Tuesday, May 26, 2015

The Inclusivity of God's Love

Today I was with someone who is strange.  This person speaks about murdering, embarrassing people, humiliating people who hurt him, playing violent and destructive pranks on people, sexually explicit experiences, and many other inappropriate topics.  As I drove home post session I reflected about the things I heard and the person who I had spent this time with.  I thought, how was I able to withstand that?  I thought, years ago I would never have been able to do that and actually be ok and feel close to God afterward.  I would have carried this person's perversity and pain away with me and then continued to carry it until it produced so much stress that I would have had my own stress crisis. I also would have judged that person and closed my heart with judgment off to seeing through the person's defenses to the fear smothered person hiding behind.  Today I felt love.  I felt compassion.  I saw a person, broken by biology, broken by environment, broken from birth, attempting to communicate what is impossible for  this person to communicate.  I had to look beyond the presentation to the message hidden away in the words.  What was this person trying to say?  What is he trying to communicate through his twisted words?  What does he need me to hear?  I had to believe, know that there is someone hidden away inside that is human and tender and needs love, acceptance, and understanding.  I had to know this and not be told this by this person.  I had to disregard the presentation (to a certain extent), in order to reach the hidden brokenness and needs.  I had to see the miraculous in this attempt to communicate.  I had to hear God directing me though such broken words.

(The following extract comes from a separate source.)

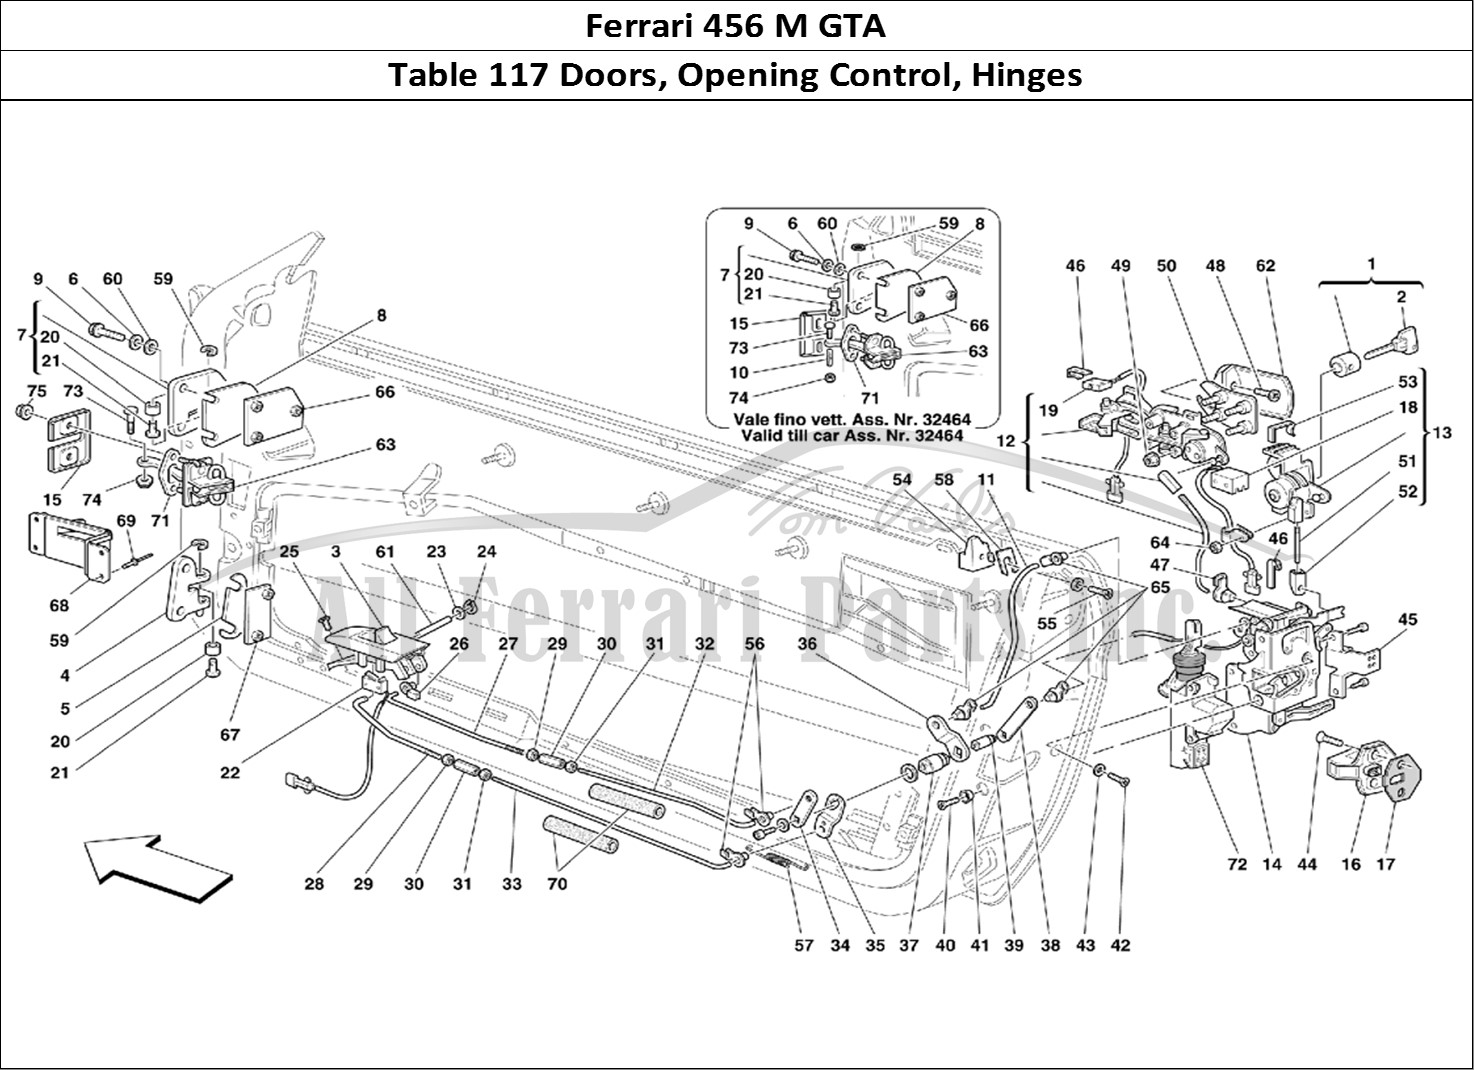 Ferrari Parts Ferrari 456 M GT Page 117 Doors - Opening Control a

I am convinced that Gods love is inclusive.  Now dont take that so far as to include sin because that is not true but I am convinced that when God sees each one of us He looks on us with love and longing.  Maybe thats just my experience in Christ.  I know before I was in Christ I felt excluded from Gods love and outside His attention.  Its like the perspective one would have when not having been invited inside an exciting social spot versus someone who is inside enjoying the party.  Things seem to make a lot more sense once we have the full experience of inside versus outside.  When I was outside of Gods family I felt alone, hollow, isolated, futureless.  I did not tell anyone that but down deep I knew it.  I wanted someone to see me, someone to hear my message behind the presentation I gave.

It takes time, patience, self-sacrifice to listen to people....really listen.  It takes emotional boundaries to hear pain and not carry it away with you but people are craving, yearning for another soul to come alongside them and really care...care enough to invest themselves in waiting and listening and hearing the words a person is trying to say even if its not obvious.  God wants to teach each one of us to love.  Love beyond the sight of our eyes and the understanding of our hearts and the limits of our experiences.  God wants to show us that our definition of love can expand to include whomever He sends us.

Isaiah 54:2 “Enlarge the place of your tent, stretch your tent curtains wide, do not hold back; lengthen your cords, strengthen your stakes."


There is room in God's house for all who will come.  The beautiful, the ugly, the rich, the poor, the fortunate and unfortunate, the intelligent and those who are of little intelligence, the functional and the dysfunctional.  See it doesn't matter how we come.  Gods going to rebuild us anyway once we get there to His house.  

Isaiah 54:11“Afflicted city, lashed by storms and not comforted, I will rebuild you with stones of turquoise, your foundations with lapis lazuli. I will make your battlements of rubies, your gates of sparkling jewels, and all your walls of precious stones."


Halleluia!  God's love in Christ is amazing!  Father I pray you would help each one of us to be filled with your Spirit that our minds would be renewed and our hearts empowered to love as You would love each person You send to us.  Give us your sight to see as You see and your ears to hear the message of the hurting and broken and lost of this world Lord.  In Jesus's name, Amen.